In practice, ASTC may be used to represent data other than color. For example, the L+A format may be used to represent "X+Y", a normal map with uncorrelated components; the "RG+B" format can be used to represent XY+Z.[14] The astc-encoder software supplied by ARM supports "X+Y" generation with the -normal option. The shader is expected to treat the decoded output as a swizzled texture.[15]
ASTC textures are compressed using a fixed block size of 128 bits, but with a variable block footprint ranging from 4×4 texels up to 12×12 texels. The available bit rates thus range from 8 bits per texel down to 0.89 bits per texel, with fine steps in between.

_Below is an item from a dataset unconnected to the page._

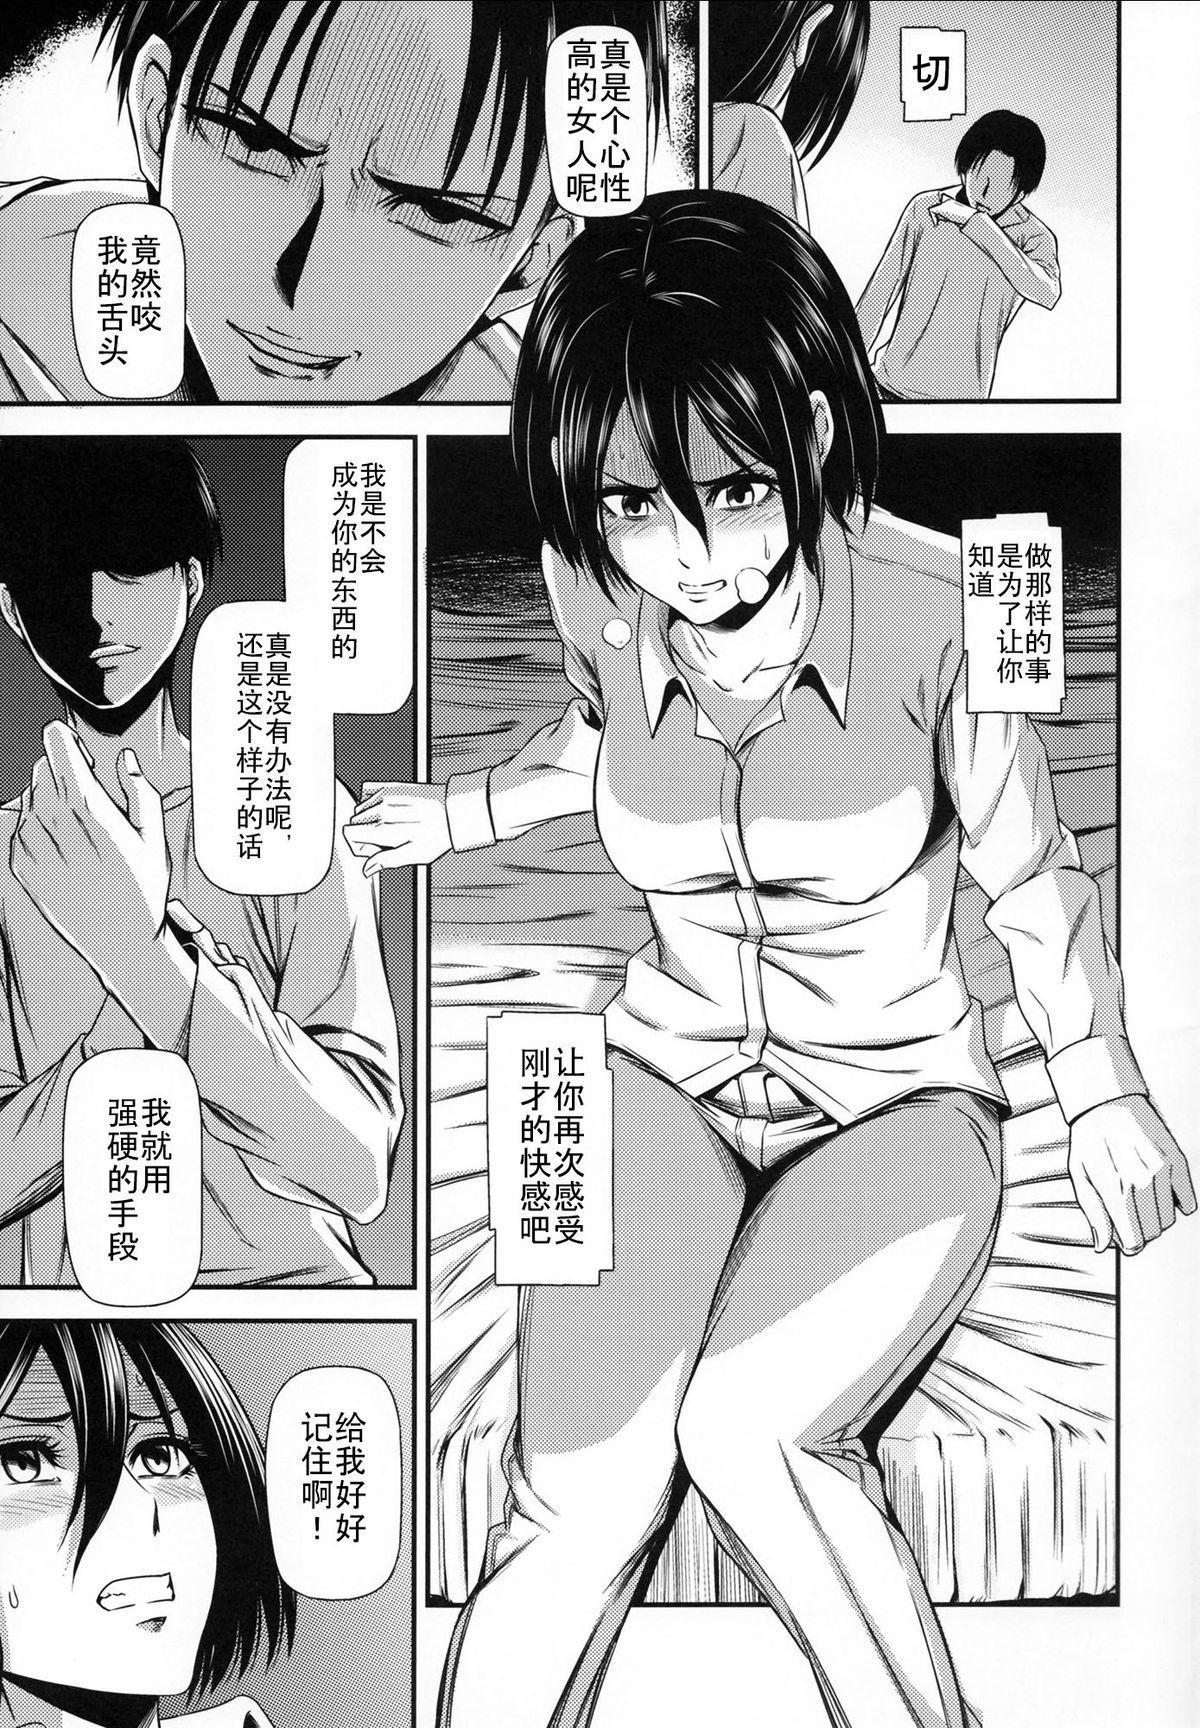 Gekishin San 14

| Block footprint | Bit rate | Increment |
|---|---|---|
| 4×4 | 8.00 | 25% |
| 5×4 | 6.40 | 25% |
| 5×5 | 5.12 | 20% |
| 6×5 | 4.27 | 20% |
| 6×6 | 3.56 | 14% |
| 8×5 | 3.20 | 20% |
| 8×6 | 2.67 | 5% |
| 10×5 | 2.56 | 20% |
| 10×6 | 2.13 | 7% |
| 8×8 | 2.00 | 25% |
| 10×8 | 1.60 | 25% |
| 10×10 | 1.28 | 20% |
| 12×10 | 1.07 | 20% |
| 12×12 | 0.89 |
In the above table, the "Increment" column shows the additional storage required to store a texture using this bit rate, as compared to the next smallest. Block footprints are presented as width × height.

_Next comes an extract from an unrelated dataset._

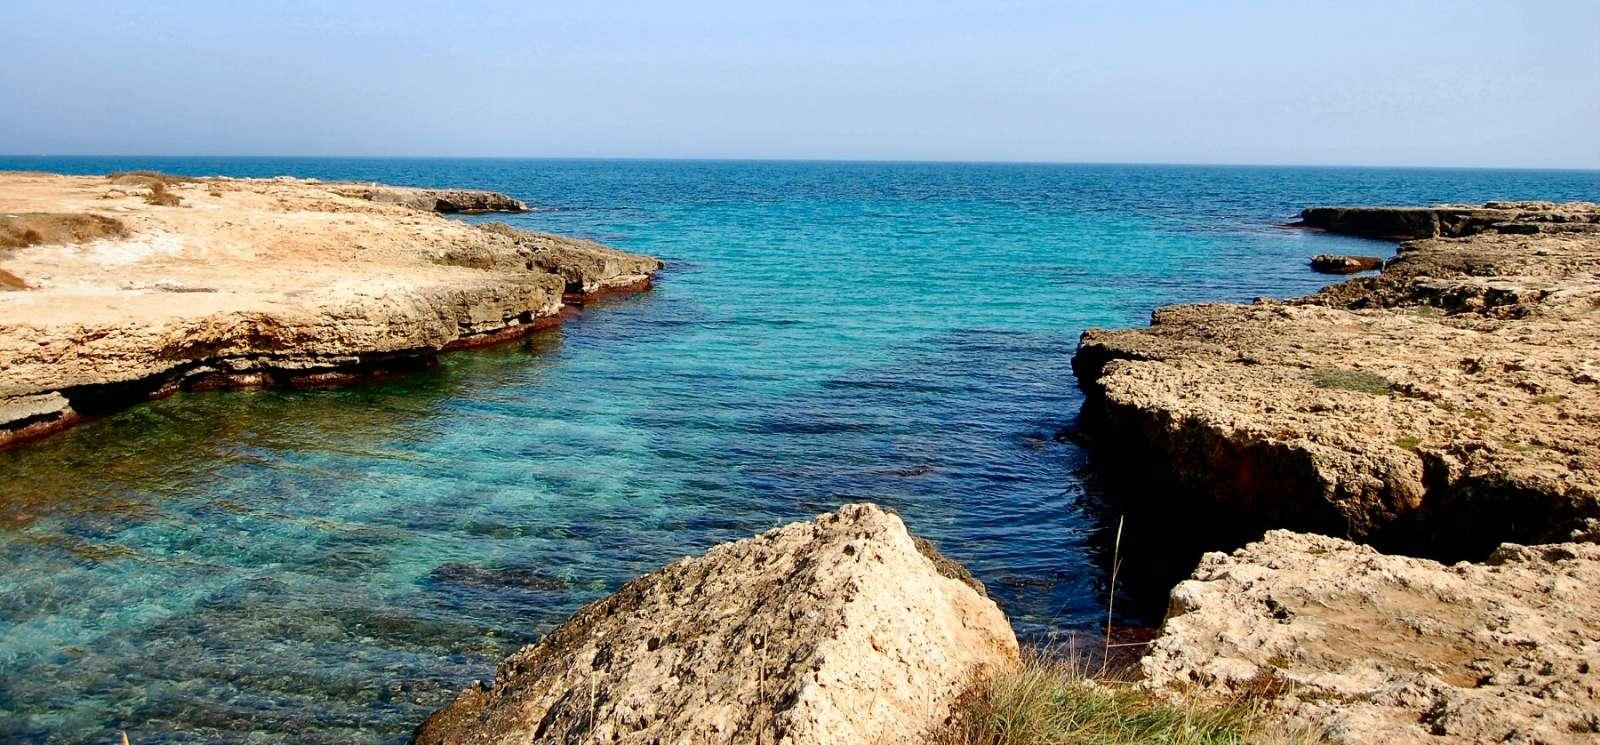 Kysten nær Polignano a Mare

ASTC 3D textures are compressed using a fixed block size of 128 bits, as for 2D but with a variable block footprint ranging from 3×3×3 texels up to 6×6×6 texels. The available bit rates thus range from 4.74 bits per texel down to 0.59 bits per texel, with fine steps in between.
| Block footprint | Bit rate | Increment |
|---|---|---|
| 3×3×3 | 4.74 | 33% |
| 4×3×3 | 3.56 | 33% |
| 4×4×3 | 2.67 | 33% |
| 4×4×4 | 2.00 | 25% |
| 5×4×4 | 1.60 | 25% |
| 5×5×4 | 1.28 | 25% |
| 5×5×5 | 1.02 | 20% |
| 6×5×5 | 0.85 | 20% |
| 6×6×5 | 0.71 | 20% |
| 6×6×6 | 0.59 |
Block footprints are presented as width × height × depth.
UASTC (Universal ASTC) is a subset of ASTC specified by Binomial. The format is used in their Basis Universal "supercompressed" GPU texture format, which adds extra compression over compressed texture formats such as UASTC and ETC1S and allows for efficient conversion from UASTC/ETC1S to compressed texture formats directly usable by GPUs.[16] UASTC, as part of Basis Universal, is part of the KTX (Khronos Texture) file format.[17]
The best way to store normal maps using ASTC is similar to the scheme used by BC5; store the X and Y components of a unit-length normal. The Z component of the normal can be reconstructed in shader code based on the knowledge that the vector is unit length. To encode this we need to store only two input components in the compressed data, and therefore use the rrrg coding swizzle to align the data with the ASTC luminance+alpha endpoint.